**EXERCISE GOAL**
There should be no pictures in your answer, only an exact copy of the lines from the one with "KTX sleepbox không" through the end of the material.

**DATA SEGMENT**

════════

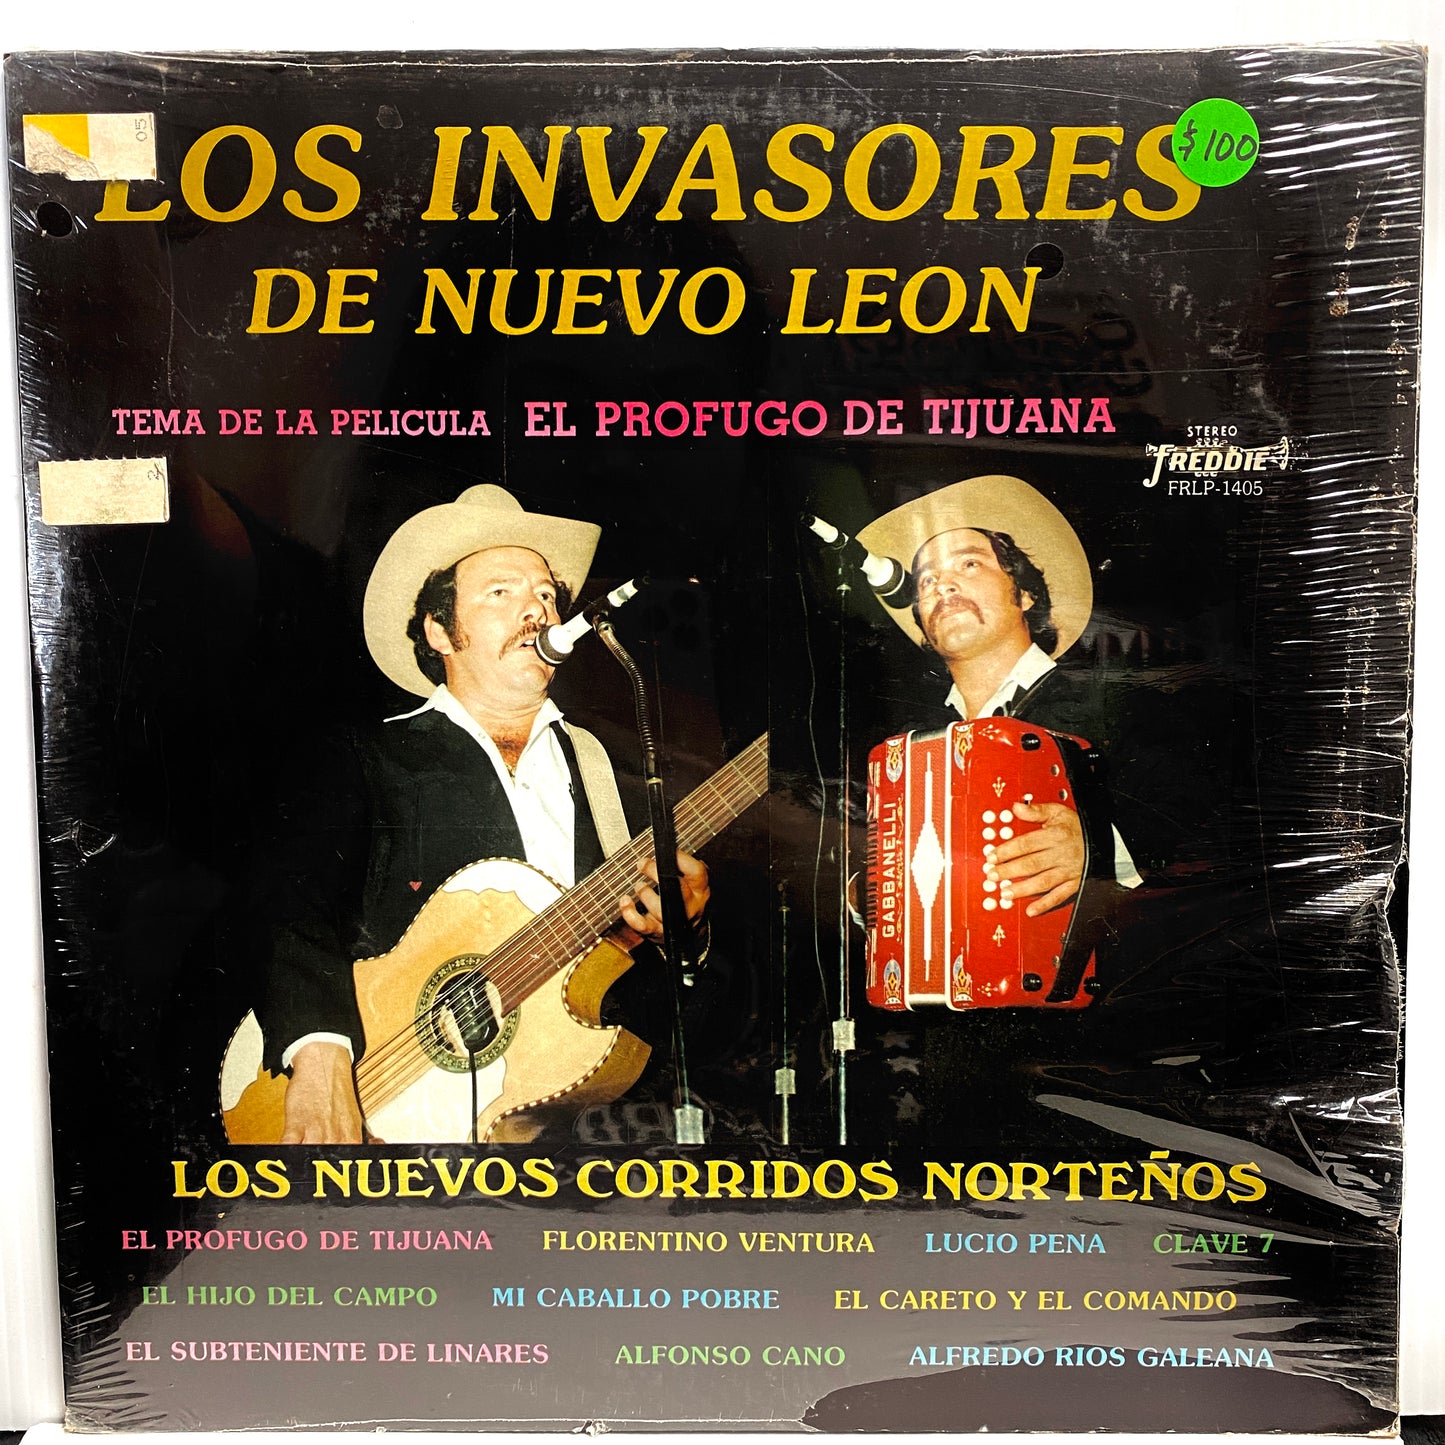 Los Invasores De Nuevo Leon – Tema De La Pelicula: El Profugo De Tijuana - Los Nuevos Corridos Norteños (Vinyl)
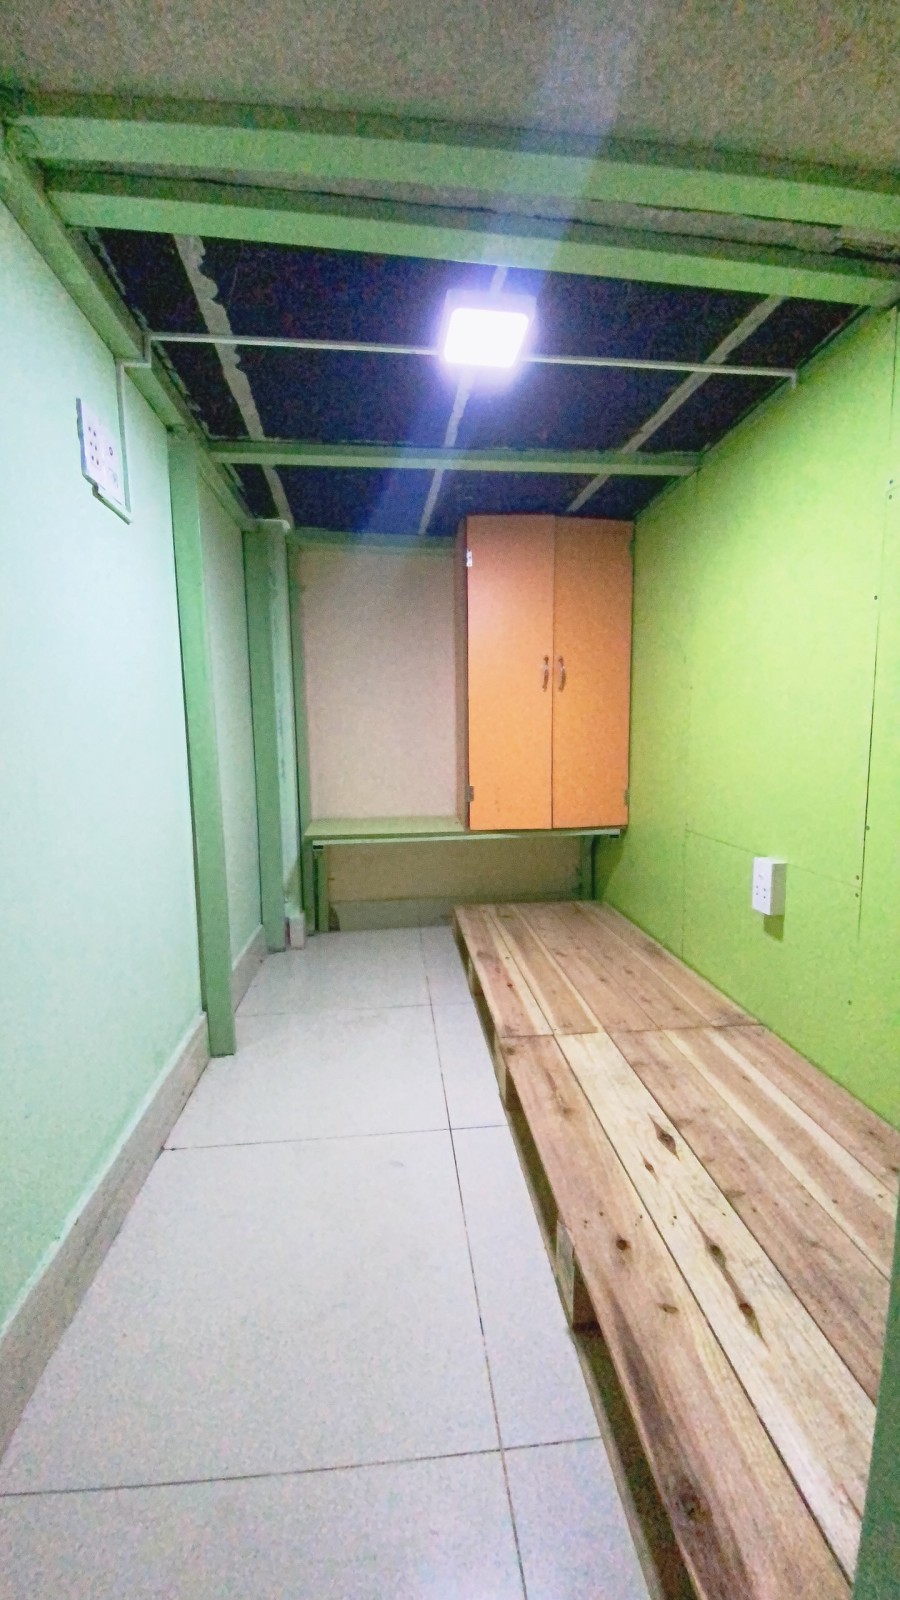 KTX sleepbox không gian riêng tư tại Ung Văn Khiêm, Phường 25, Quận Bình Thạnh
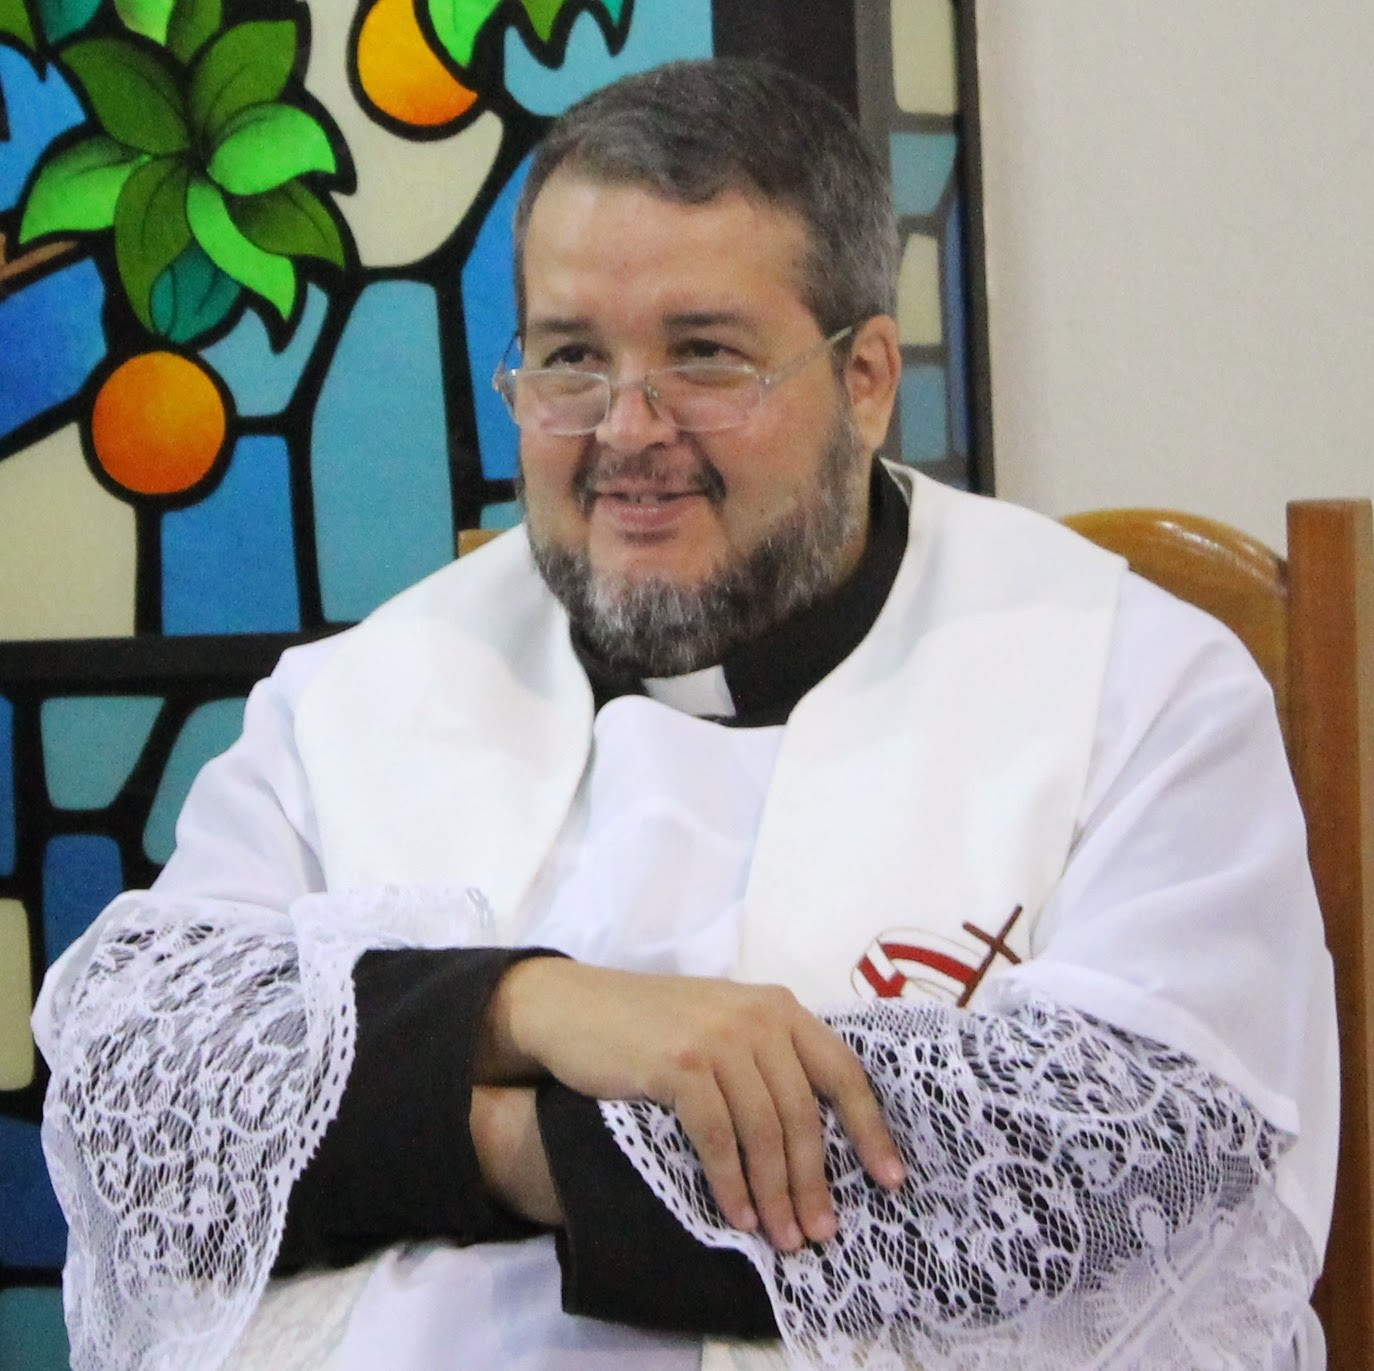 Descontentes com o padre, conselheiros do São Vicente vão reclamar com o bispo

════════

**EXERCISE ANSWER**
 KTX sleepbox không gian riêng tư tại Ung Văn Khiêm, Phường 25, Quận Bình Thạnh
 Descontentes com o padre, conselheiros do São Vicente vão reclamar com o bispo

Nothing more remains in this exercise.